What you will do: Go through the listing below and write out exactly the lines from the one that mentions "아동부터 성인까지 편하게 입을 수 있는 티셔츠" through the one that mentions "Exemple de site", minus the pictures.

Entries shown:
⟨

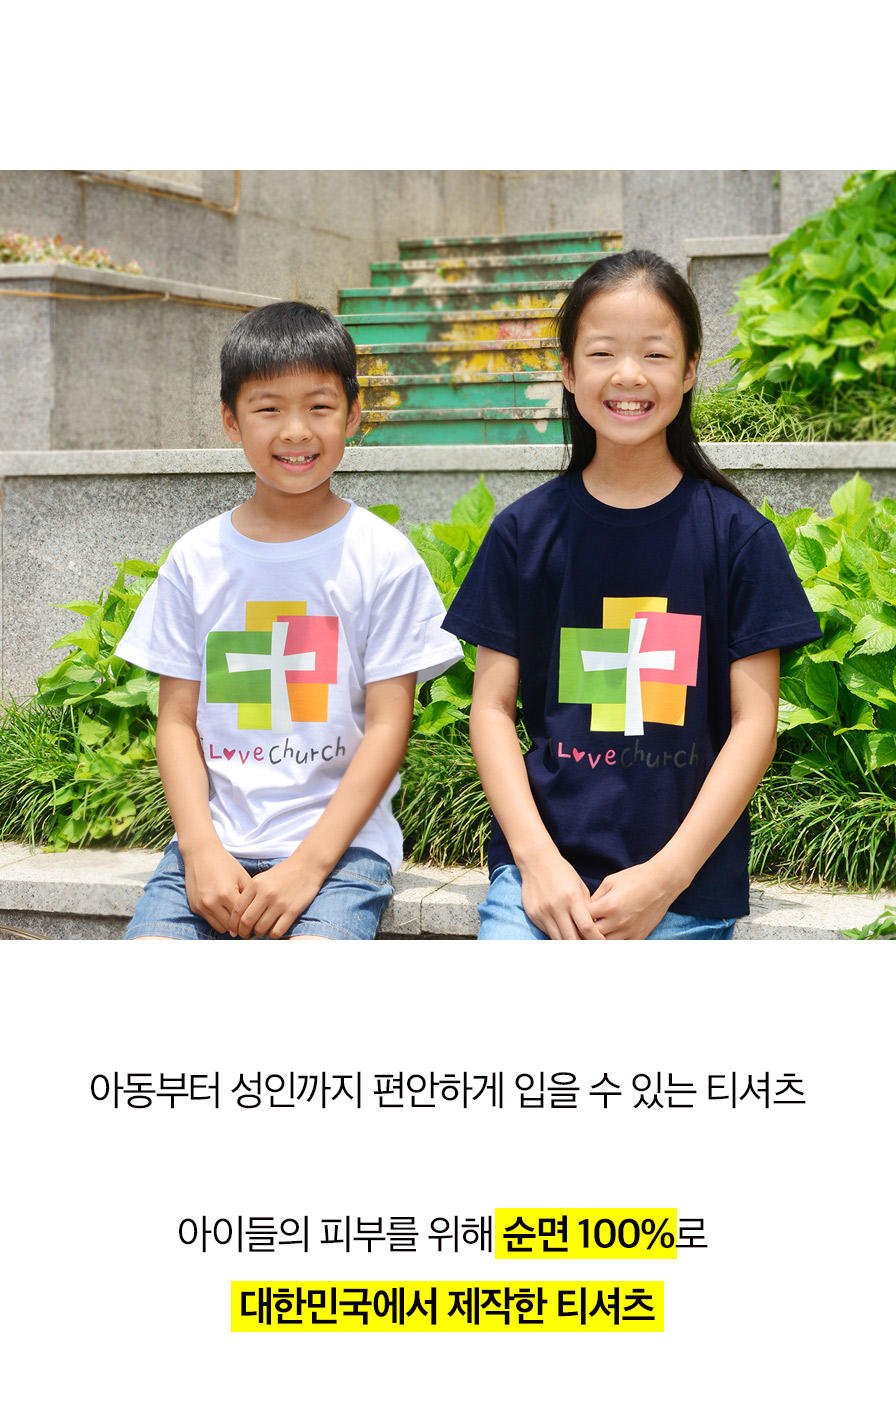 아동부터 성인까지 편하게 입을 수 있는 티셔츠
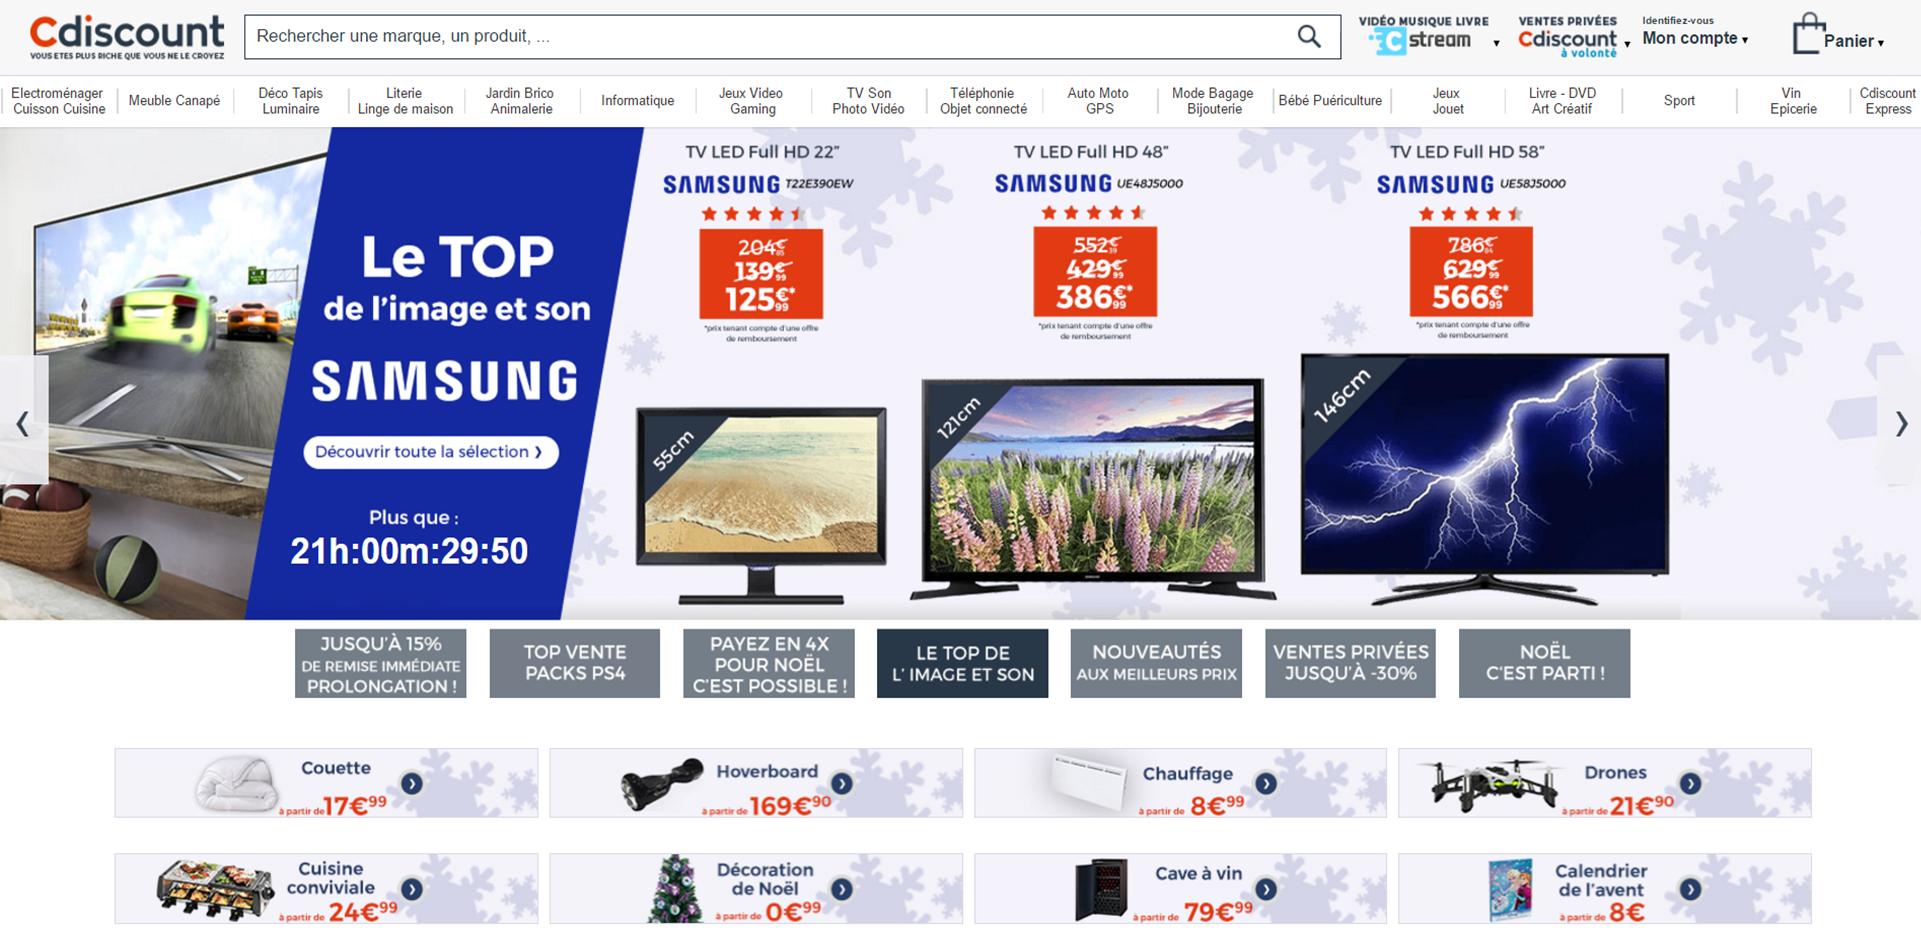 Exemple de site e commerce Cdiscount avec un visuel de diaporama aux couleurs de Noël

⟩
⟨

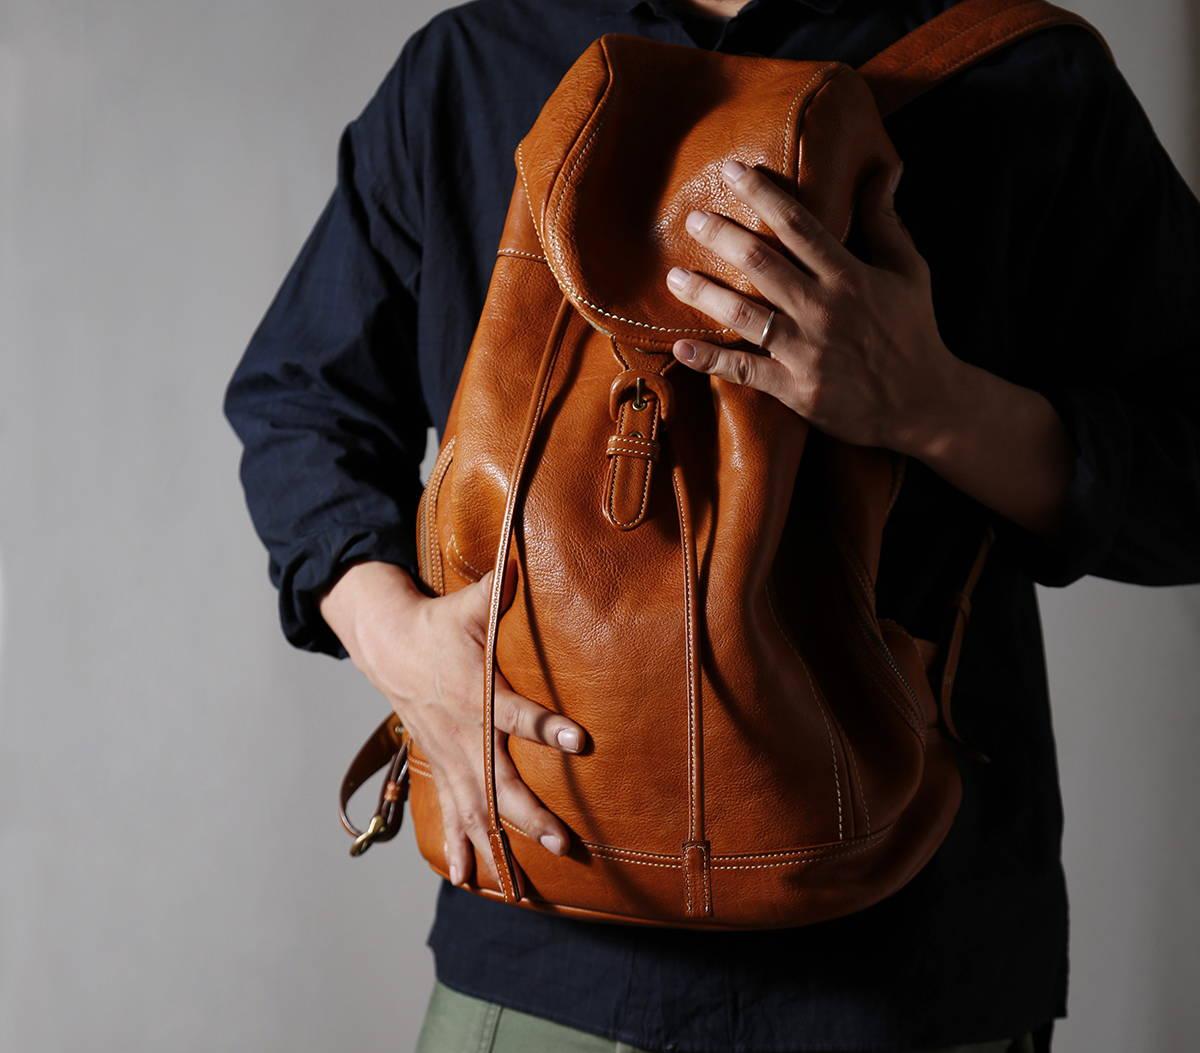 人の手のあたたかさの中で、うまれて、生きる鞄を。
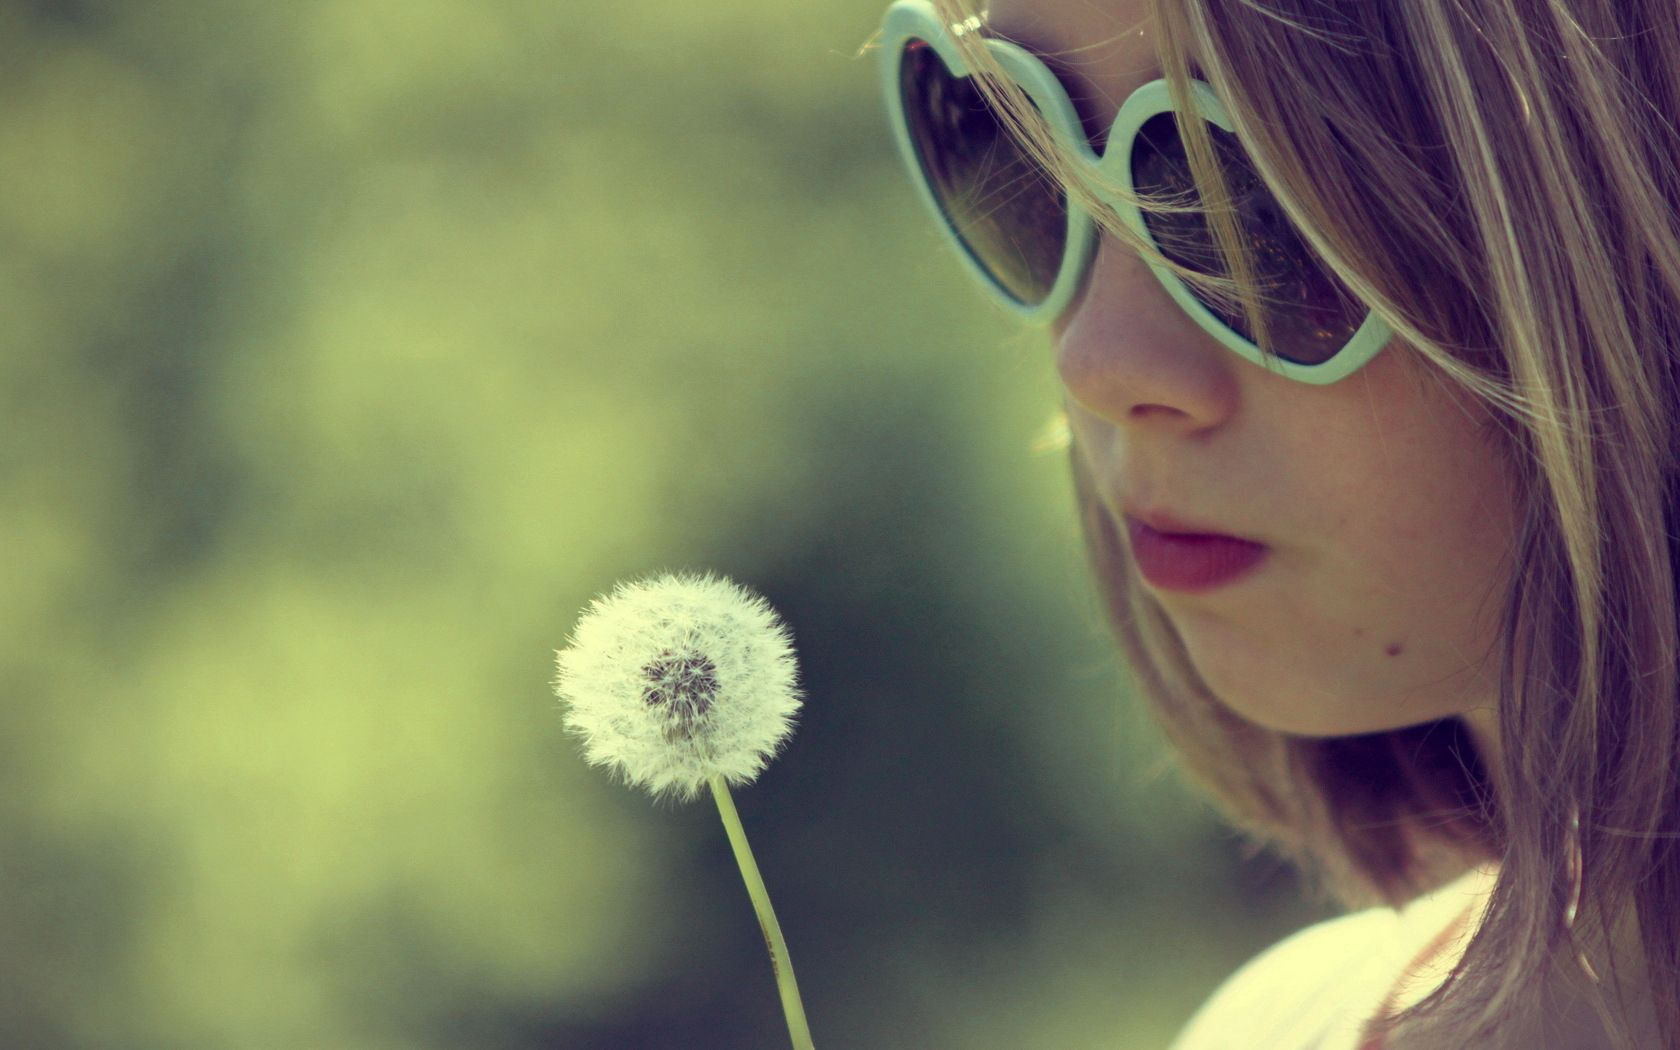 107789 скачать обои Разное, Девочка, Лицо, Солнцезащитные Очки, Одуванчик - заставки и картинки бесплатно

⟩

Reply to the task:
 아동부터 성인까지 편하게 입을 수 있는 티셔츠
 Exemple de site e commerce Cdiscount avec un visuel de diaporama aux couleurs de Noël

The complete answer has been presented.